Function 650 - Social Security

Make Social Security’s Benefit Structure More Progressive

CBO periodically issues a compendium of policy options (called Options for Reducing the Deficit) covering a broad range of issues, as well as separate reports that include options for changing federal tax and spending policies in particular areas. This option appears in one of those publications. The options are derived from many sources and reflect a range of possibilities. For each option, CBO presents an estimate of its effects on the budget but makes no recommendations.
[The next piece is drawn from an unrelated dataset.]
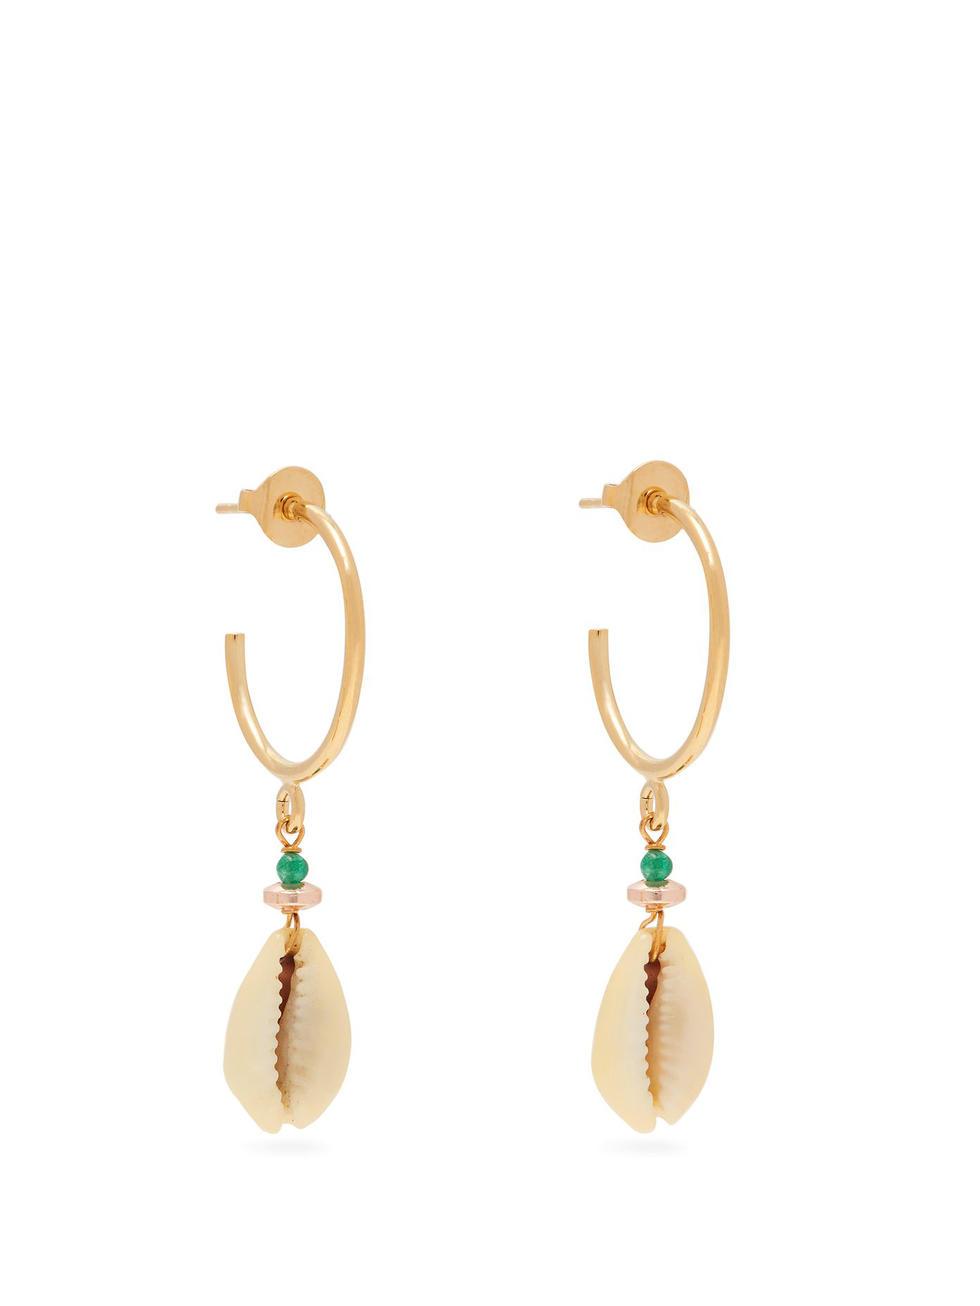 Malebo shell earrings, Dhs312, Isabel Marant

Inclusion or exclusion of any particular option does not imply an endorsement or rejection by CBO.

Billions of Dollars 2021 2022 2023 2024 2025 2026 2027 2028 2029 2030 2021–
Change in Outlays  
  Use 90/32/5 PIA factors 0 * * -0.1 -0.3 -0.6 -0.9 -1.3 -1.9 -2.5 -0.4 -7.6
  Use 100/25/5 PIA factors 0 * -0.2 -0.7 -1.5 -2.7 -4.2 -6.2 -8.6 -11.6 -2.4 -35.7

This option would take effect in January 2022.
PIA = primary insurance amount; * = between -$50 million and zero.
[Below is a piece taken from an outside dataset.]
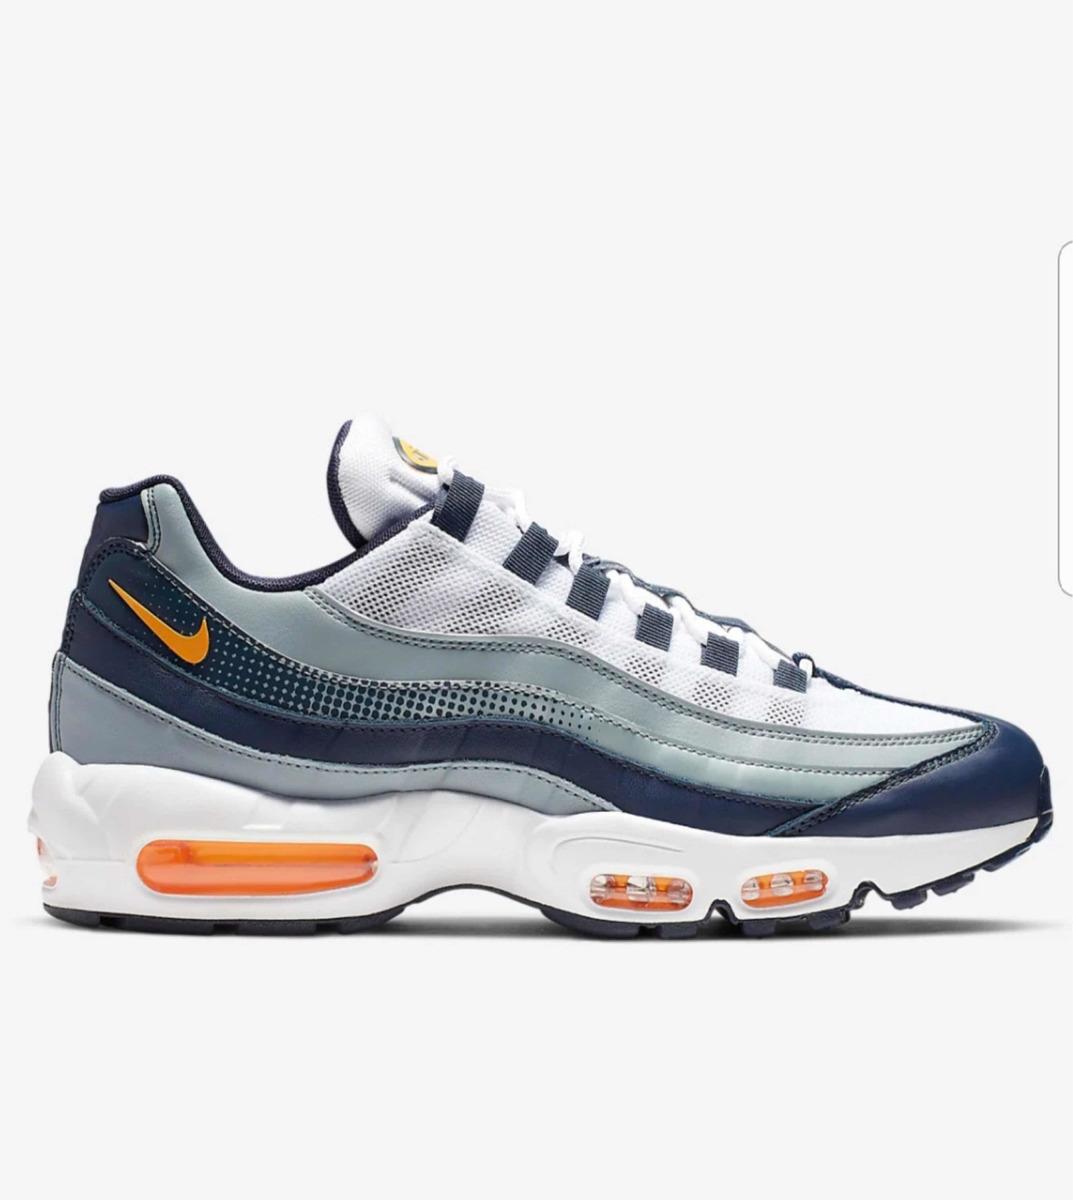 2nike hombre zapatillas 2019 air max

The amount of the Social Security benefit paid to a disabled worker or to a retired worker who claims benefits at the full retirement age is called the primary insurance amount (PIA). The Social Security Administration (SSA) calculates that amount using a formula applied to a worker’s average indexed monthly earnings (AIME), a measure of average taxable earnings over that worker’s lifetime. The benefit formula is progressive, meaning that the benefit is larger as a share of lifetime earnings for someone with a lower AIME than it is for a person with a higher AIME. To calculate the PIA, the SSA separates AIME into three brackets by using two threshold amounts, often called “bend points.” In calendar year 2020, the first bend point is $960 and the second bend point is $5,785. Average indexed earnings in each of the three brackets are multiplied by three corresponding factors to determine the PIA: 90 percent, 32 percent, and 15 percent. (Bend points rise each year with average wages, whereas the factors remain constant.)
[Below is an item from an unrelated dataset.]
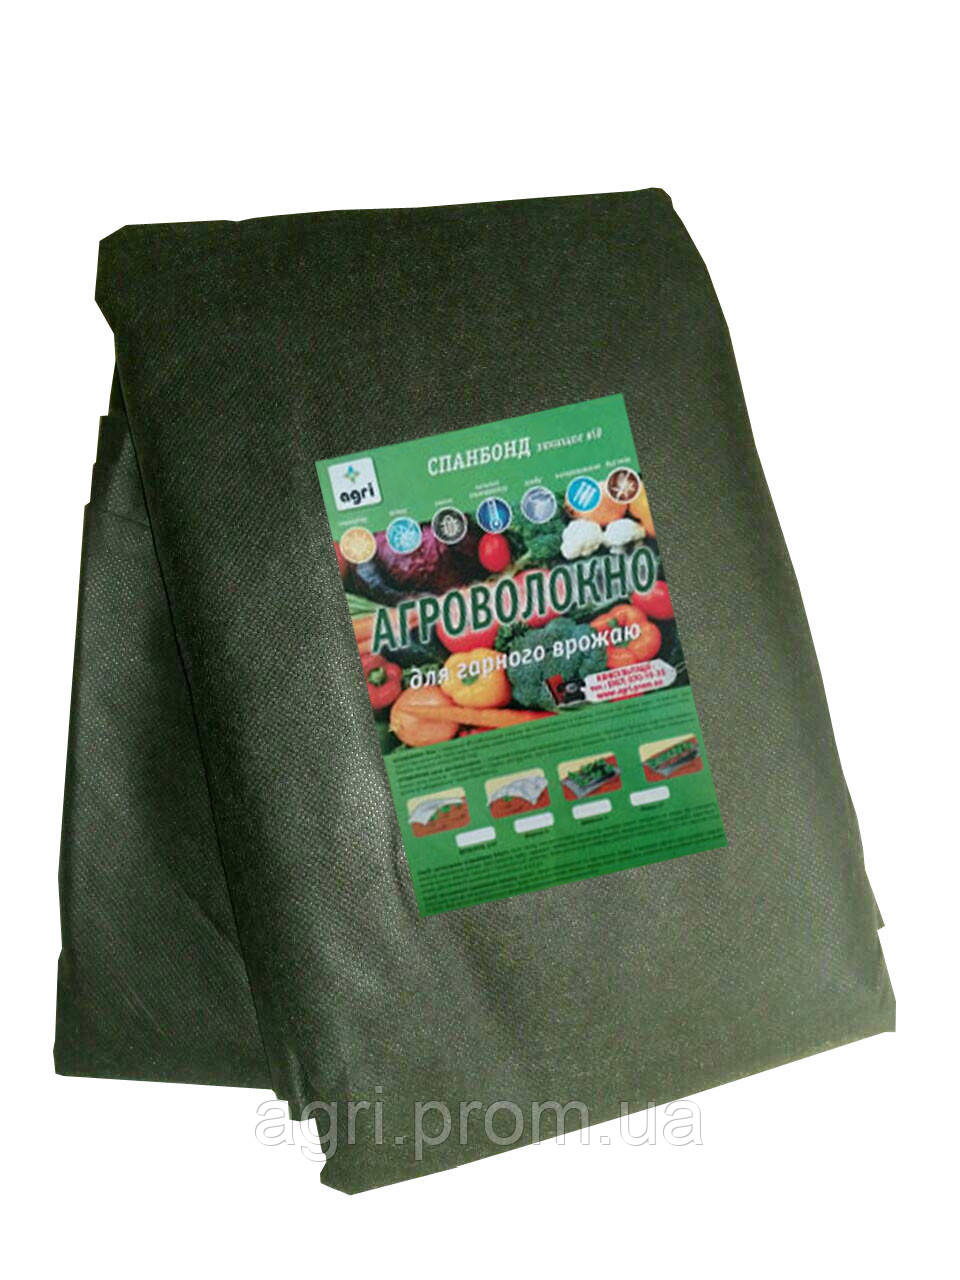 Агроволокно Агротекс 60 г/м2 (1,6 м*7м) чорне мульчуюче

This option would make the Social Security benefit structure more progressive by reducing benefits for people with higher average earnings relative to the benefits they are scheduled to receive under current law, while either holding constant or increasing benefits for people with lower earnings. Starting with people newly eligible in 2022, the first alternative in this option would affect only beneficiaries with an AIME above the second bend point. That alternative would reduce the 15 percent PIA factor by 1 percentage point per year until it reached 5 percent in 2031. It would reduce scheduled benefits for about 13 percent of all newly eligible beneficiaries—those with higher average monthly earnings.

The second alternative in this option would reduce scheduled benefits for more beneficiaries with higher lifetime earnings while increasing scheduled benefits for people with lower lifetime earnings. It would increase the 90 percent factor and lower both the 32 percent and 15 percent factors. The factors would change gradually over 10 years until they reached 100 percent, 25 percent, and 5 percent, respectively. (The 15 percent and 90 percent factors would change by 1 percentage point per year; the 32 percent factor would change by 0.7 percentage points per year.) About 45 percent of new beneficiaries—those with lower average monthly earnings—would receive larger benefits than they would be scheduled to receive under current law. About 55 percent of new beneficiaries—those with higher average monthly earnings—would receive benefits that are smaller than they are scheduled to receive under current law.

The Congressional Budget Office projects that under current law, the Disability Insurance trust fund would be exhausted in fiscal year 2026, and the Old-Age and Survivors Insurance trust fund would be exhausted in calendar year 2031. Under section 257 of the Deficit Control Act, in its projections CBO must assume that scheduled Social Security benefits would be paid even after the program’s trust funds were exhausted. However, the government’s legal authority to pay benefits would then be limited to the amount received in dedicated tax revenues, which would be insufficient to pay scheduled benefits in full. After trust-fund exhaustion, therefore, for the people whose benefits would be lower under this option, the reduction in payable benefits would be smaller than the reduction in scheduled benefits.